An elusive "spammer" is heavily touting shares of a Palm Springs-based originator of gay radio programming.
The mystery e-mailer earlier this month bombarded the Internet with a salvo of "Hot Stocks" newsletters, recommending investments in Triangle Broadcasting Co. Inc. (OTC: GAAY).
Company officials said they know nothing about the barrage of e-mails or their author.
"Nobody was paid by anybody to do that," said Triangle President Frank Olsen. "There's no contract with anyone for that sort of thing."
But in the newsletter's disclaimer, the author claims that - far from being a neutral party or stock analyst - it is a public relations agency paid 500,000 shares of Triangle stock to promote the company.
The newsletter's author could not be conclusively identified or reached for comment.
Hot Stocks' e-mail and Web address - www.directform.com/hotstocks - lead to dead-ends in cyberspace. If there ever was such a Web site, it has been taken down, and no one is listed as having registered its domain name.
This isn't the first time Triangle Broadcasting has been targeted by an online investment newsletter. In September, a stock tip sheet promoting Triangle and calling itself "Stock-pick" circulated on the Web.
The two letters are - aside from the change in names and different descriptions in the subject line - identical word-for-word, down to the disclaimer and a Mark Twain quote.
Sam Meltzer, a bulk e-mailer in St. Paul, Minn., said Triangle paid him 100,000 shares to send the first batch of messages last year.
Triangle officials did not return phone calls seeking comment on Meltzer's assertion.
"We did Stock-pick, but we were not the ones who did it the second time," Meltzer said, referring to this month's Hot Stocks newsletter.
He refused to identify the second spammer, although he said he knew the individual.
"Triangle asked me (to do the second campaign) and I said, 'I'm too busy right now.' I just referred them" to an associate, he said. Meltzer said he wasn't bothered that the second newsletter aped his own. But he did point out some differences that would classify his version as the more honest of the pair.
Unlike the second campaign, Meltzer's Stock-pick newsletter carried the word "ad" in capital letters in the subject line. Meltzer's tip sheet also bore a phone number.
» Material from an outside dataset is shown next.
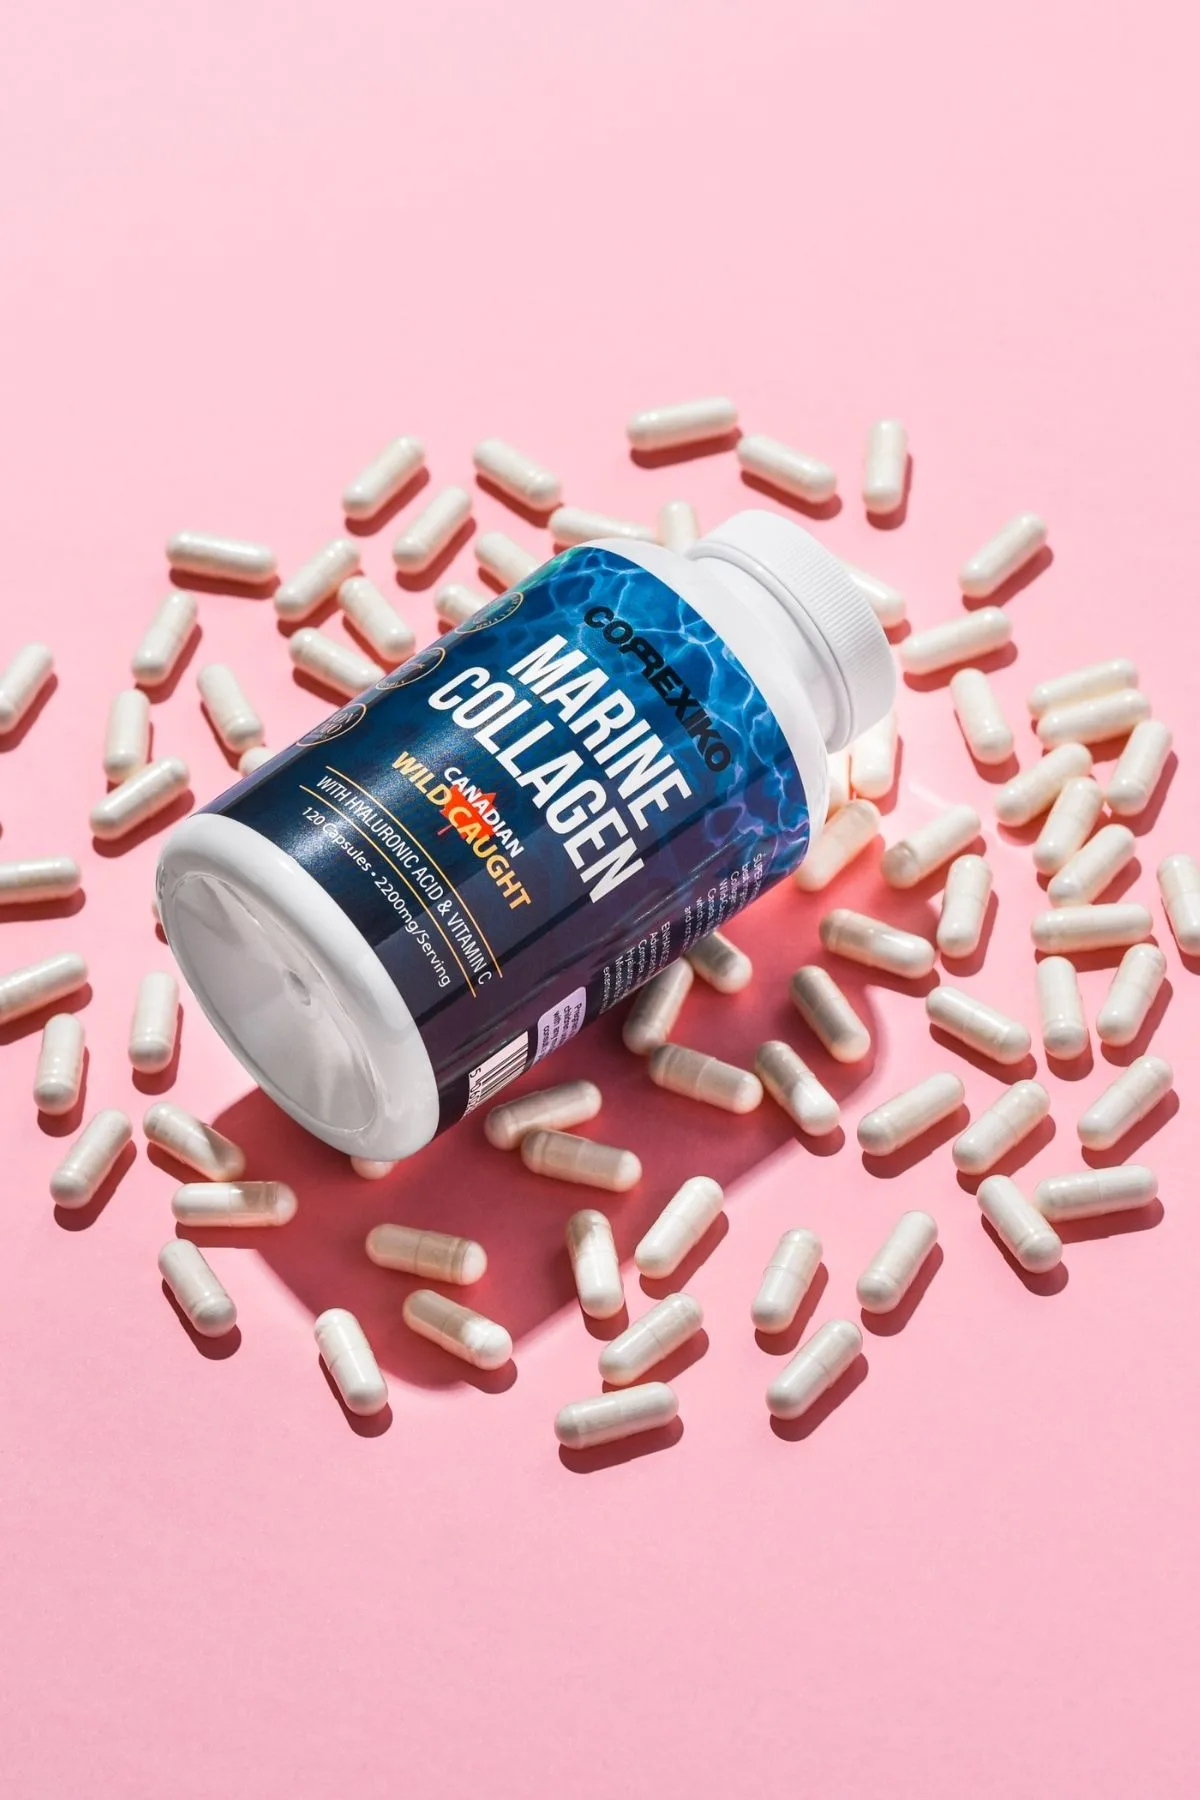 Bottle of marine collagen surrounded by loose collagen pills on pink background.

That the second spammer could not be tracked easily may not be his or her fault, Meltzer said.
The e-mail and Web page addresses given in spammed letters are often valid, but only for a short while: As soon as the first rankled recipient complains to an Internet "backbone" provider -carriers like AT&T or MCI - the larger companies often kill the spammer's accounts, he said.
Spammed newsletters and tip sheets are often fraudulent and misrepresent the sender's interests, according to the Securities and Exchange Commission. And they're a common commodity on the Internet, especially when it comes to so-called "microcaps," or thinly traded companies like Triangle.
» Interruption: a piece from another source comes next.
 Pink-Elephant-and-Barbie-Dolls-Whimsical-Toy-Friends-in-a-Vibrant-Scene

Promoters typically engage in a scheme called "pump and dump," in which they try to drive up the price of a small stock they own - and possibly represent - then sell their shares when the price rises.
In its first major move to crack down on such abuses, the SEC in October charged 44 Internet-related stock promoters with fraud and other violations.
Although Triangle officials say they've never seen the Hot Stocks online newsletter that recommends their company's shares, one online stock promoter says he's heard of nothing else since March 10.
"We're getting six or seven calls a day" from people upset about receiving the e-mail, said Lance Fortt, a principal with Billington's Jr., a public relations firm that runs a for-hire investment newsletter.
Billington's, which operates print and online newsletters, owns the rights to www.hotstocks.com.
E-mail readers who couldn't respond to the Hot Stocks e-mail's bogus address turned their fury on him, even though he says he only sends e-mails to his own subscribers and Triangle isn't one of his clients.
Fortt said that in 1992, he bought the rights to most of the "good" stock-related domain names with the intention of selling or developing them later.
He said he gets a call from the SEC whenever one of those key words or phrases turns up in junk e-mails.
"What (spammers) do is hide under other people who are legitimate," he said.
"Obviously, this is not a nice position to be in, where you're defending what somebody else has done, when you're in the same type of business as they are."
Peacock Financial Corp. of San Jacinto (OTC: PFCK) is one of Billington's clients, having paid $2,500 for an ad placement on the Billington's Web site and a profile in its newsletter, President Steven Peacock said.
Unlike Billington's, some stock-promoting spammers contact small public companies and pitch their services, rather than the other way around, Peacock said.
"We get faxes from all over the country, saying, 'Get your story out to 50,000 potential investors,'" Peacock said.